1.6.2.2 Set annotation file
Annotation information is required to fill in Condition and BioReplicate for corresponding Raw.file information. Users have to prepare as csv or txt file like ‘ABRF2015_MaxQuant_annotation.csv’, which includes Raw.file, Condition, and BioReplicate information, and load it in R. Raw.file column in the annotation file should be the same as unique Raw.file in evidence.txt file.

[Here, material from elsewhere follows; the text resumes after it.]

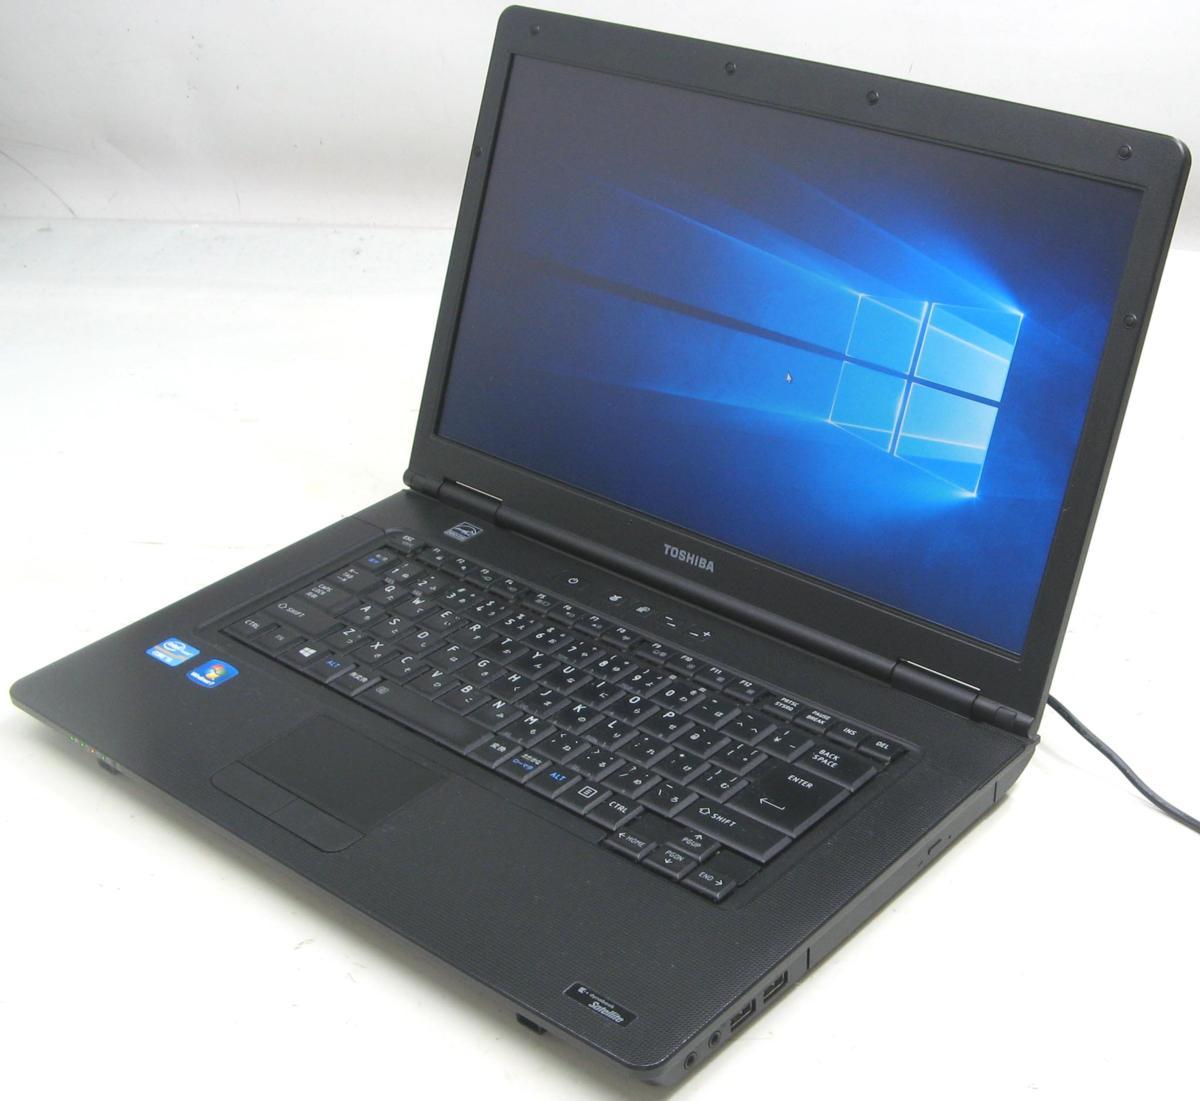 中古ノートパソコン 東芝 Satellite B552/F PB552FBA1R7A51(東芝 Windows10 Corei5 DVDスーパーマルチドライブ)【中古】【中古パソコン/中古PC】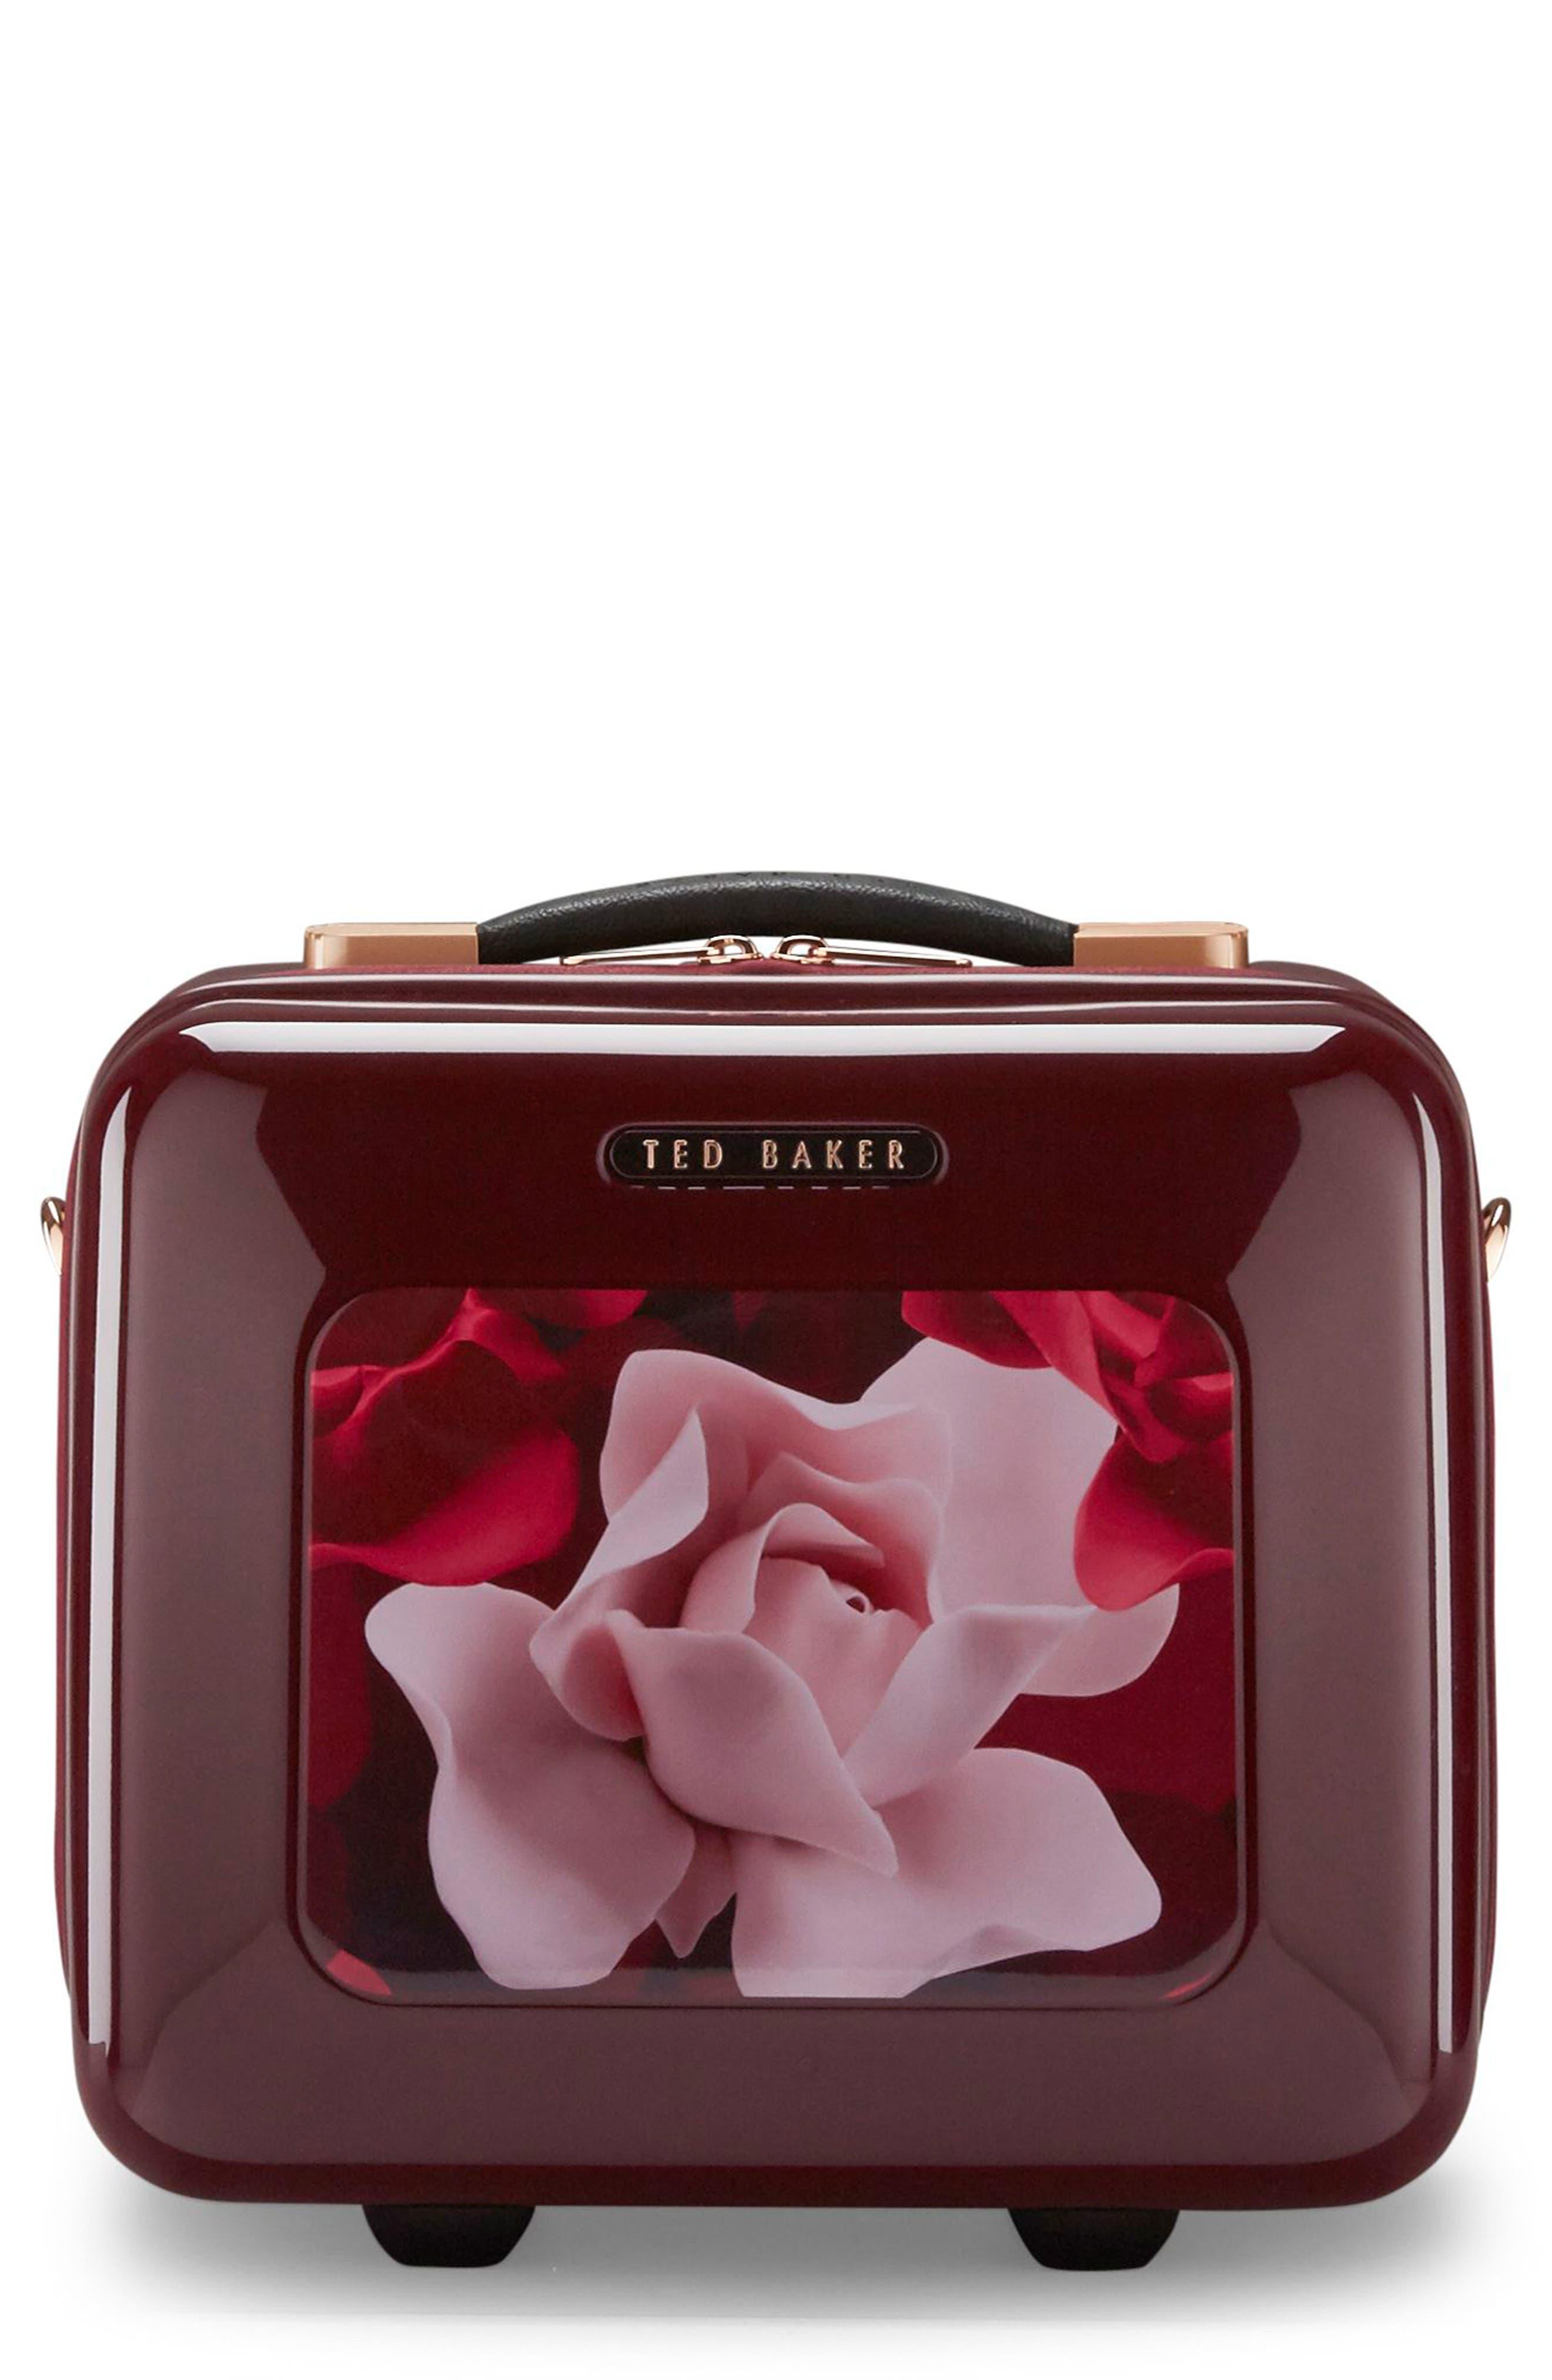 Porcelain Rose Vanity Case,                         Main,                         color, 930

# Read in annotation including condition and biological replicates: annotation.csv
annot.maxquant <- read.csv("data/data_MaxQuant/ABRF2015_MaxQuant_annotation.csv", header = TRUE)
annot.maxquant
## Raw.file Condition BioReplicate IsotopeLabelType
## 1 JD_06232014_sample1-A Condition1 1 L
## 2 JD_06232014_sample2_A Condition2 2 L
## 3 JD_06232014_sample4_B Condition4 4 L
## 4 JD_06232014_sample1_B Condition1 1 L
## 5 JD_06232014_sample1_C Condition1 1 L
## 6 JD_06232014_sample2_B Condition2 2 L
## 7 JD_06232014_sample2_C Condition2 2 L
## 8 JD_06232014_sample3_A Condition3 3 L
## 9 JD_06232014_sample3_B Condition3 3 L
## 10 JD_06232014_sample3_C Condition3 3 L
## 11 JD_06232014_sample4-A Condition4 4 L
## 12 JD_06232014_sample4_C Condition4 4 L
1.6.2.3 Preprocessing with MaxQtoMSstatsFormat
MaxQtoMSstatsFormat
function helps pre-processing for making right format of MSstats input from MaxQuant output. Basically, this function gets peptide ion intensity from ‘evidence.txt’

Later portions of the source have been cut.